The federal standards of waiver that control this case are quite explicit. As early as 1938, in Johnson v. Zerbst, 304 U.S. 458, 58 S. Ct. 1019, the United States Supreme Court pointed out that “ ‘courts indulge every reasonable presumption against waiver’ of [553]*553fundamental constitutional rights and ... we ‘do not presume acquiescence in the loss of fundamental rights.’ ” Id. at 464, 58 S. Ct. at 1023.15 In 1962, the United States Supreme Court expressly held that in cases such as the one before us, where the record is silent on whether or not a waiver of a federal constitutional right occurred, it is impermissible to place the burden of proving nonwaiver on defendants. The Court stated in unequivocal terms in Carnley v. Cochran, 369 U.S. 506, 82 S. Ct. 884 (1962), that: “Presuming waiver from a silent record is impermissible.” Id. at 516, 82 S. Ct. at 890. Thus we are constitutionally unable, in this case where the record is silent on whether the requirement of Aljoe was met, to place the burden of proving compliance with Aljoe on appellant.

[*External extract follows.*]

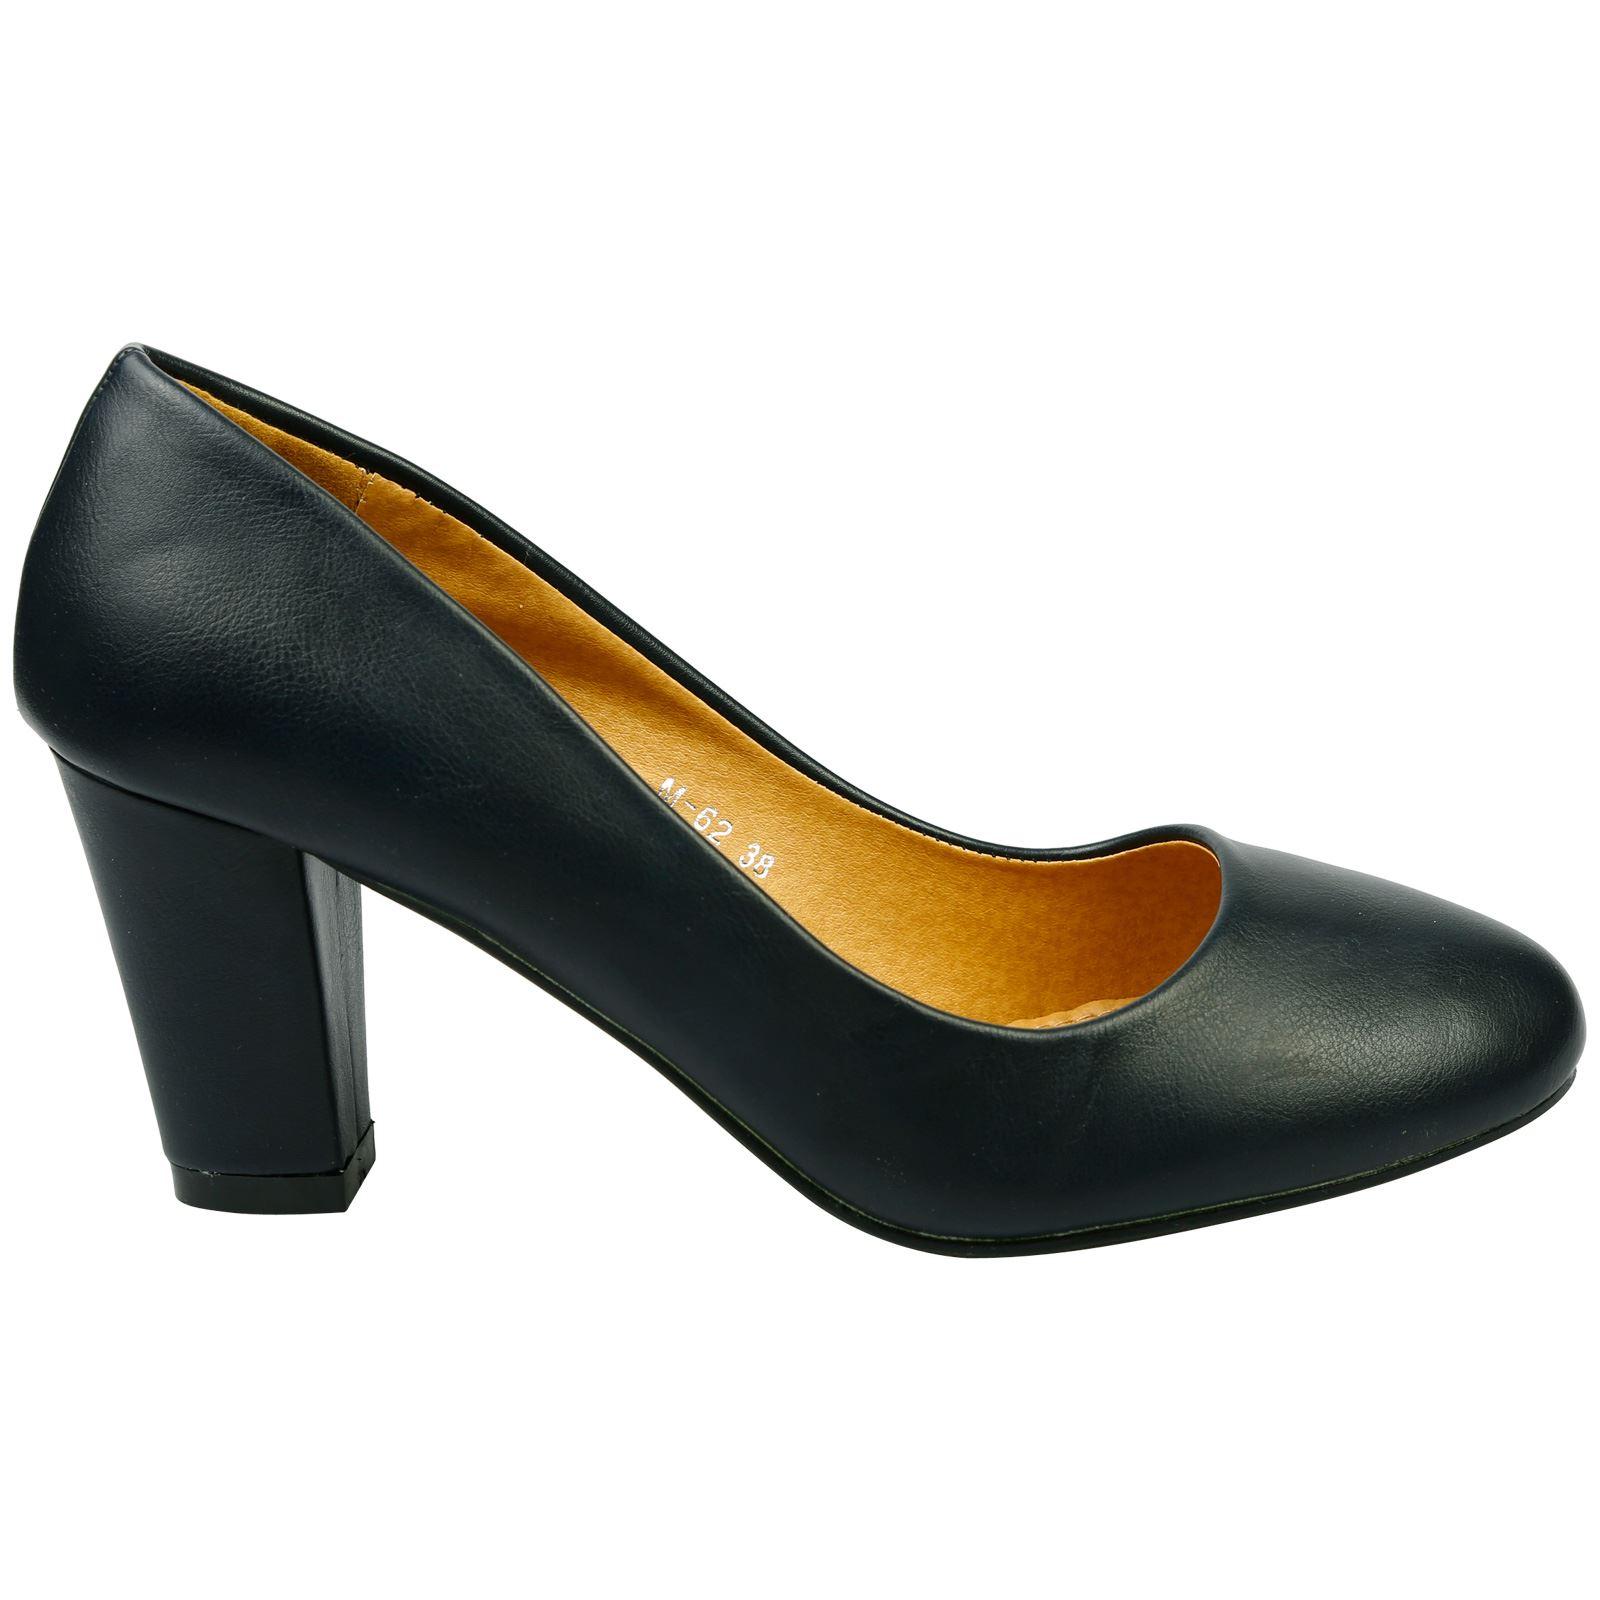 b1563e5e62 Reeva Womens Mid High Block Heels Slip On Court Shoes Ladies Pumps ...

The mandate of Carnley v. Cochran is not one with which this Court is unfamiliar. Rather, we have recognized our constitutional obligation to follow it on a multitude of occasions. See, e.g., Commonwealth v. Jones, 447 Pa. 228, 231, 286 A. 2d 892, 893 (1971) and cases cited therein; Commonwealth v. Norman, 447 Pa. 217, 222, 285 A. 2d 523, 526 (1971) ; Commonwealth v. Bower, 442 Pa. 379, 383, 275 A. 2d 109, 111 (1971) ; Commonwealth ex rel. Mullins v. Maroney, 428 Pa. 195, 199, 236 A. 2d 781, 784 (1968) ; Commonwealth ex rel. Edowski v. Maroney, 423 Pa. 229, 236, 223 A. 2d 749, 753 (1966) ; Commonwealth ex rel. Wright v. Cavell, 422 Pa. 253, 258, 220 A. 2d 611, 614 (1966).

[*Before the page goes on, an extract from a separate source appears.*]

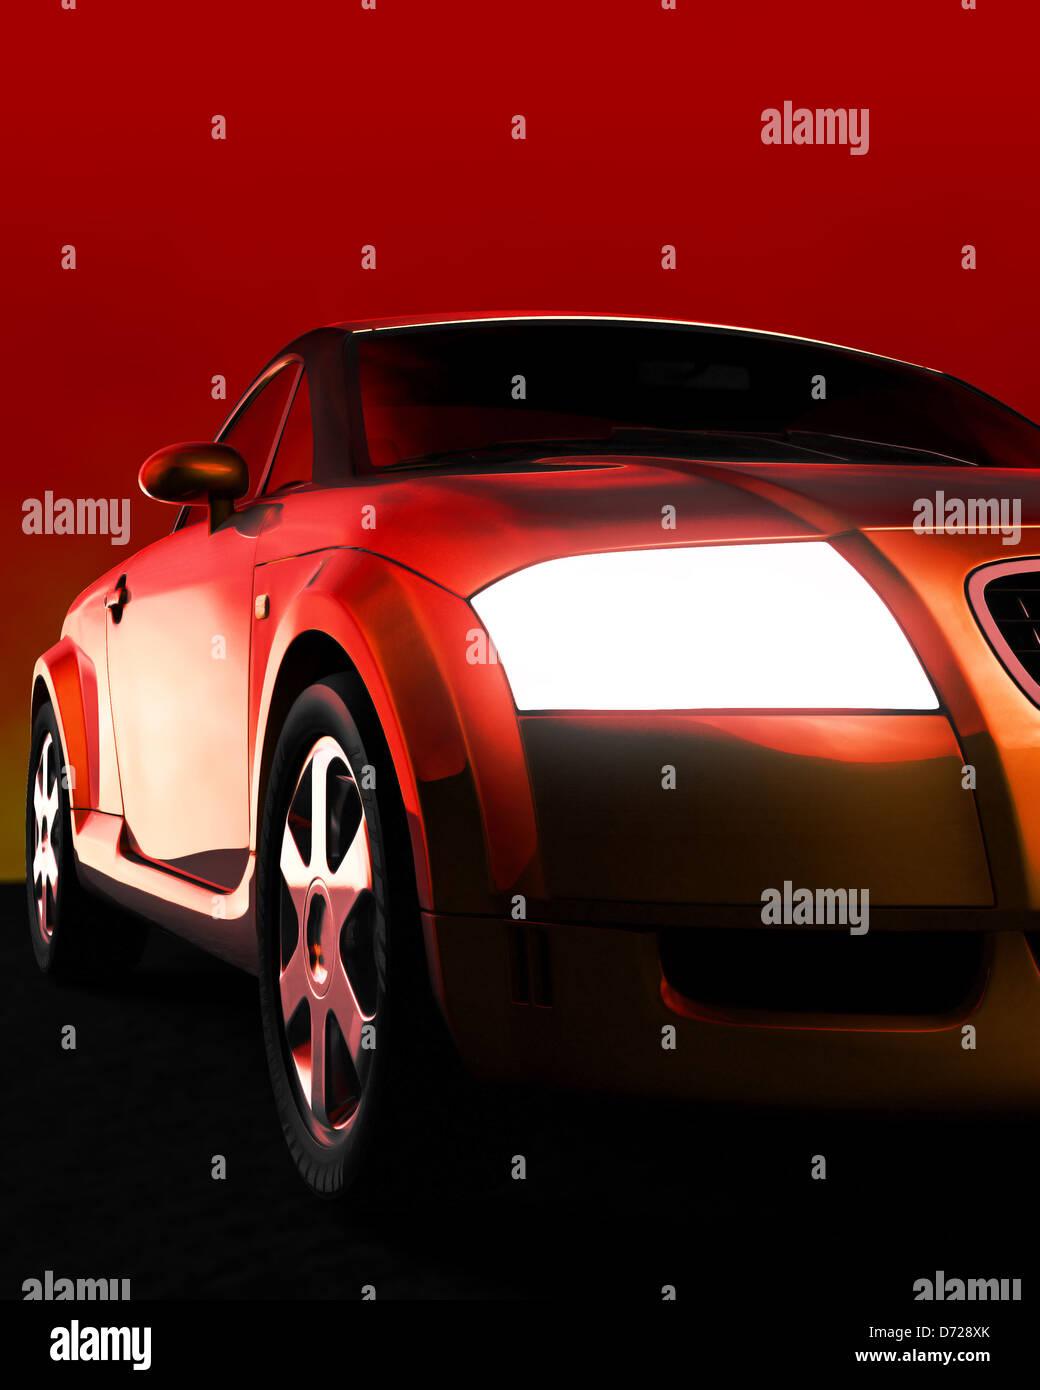 Car illustration Photo Stock

Since the burden of proving noncompliance with Aljoe, in cases such as this one where the record is silent, must be placed on the Commonwealth, and since the Commonwealth failed to meet that burden, we must reject the Commonwealth’s argument that appellant, [554]*554pursuant to Aljoe, lias waived Ms right to assert his prejudiced-juror claim.
Accordingly, the order of the Superior Court is reversed and the order of the hearing court is vacated. The record is remanded to the hearing court with direction to allow counsel’s amendments to appellant’s pro se petition and with direction to hold a hearing on the merits of appellant’s prejudiced-juror claim.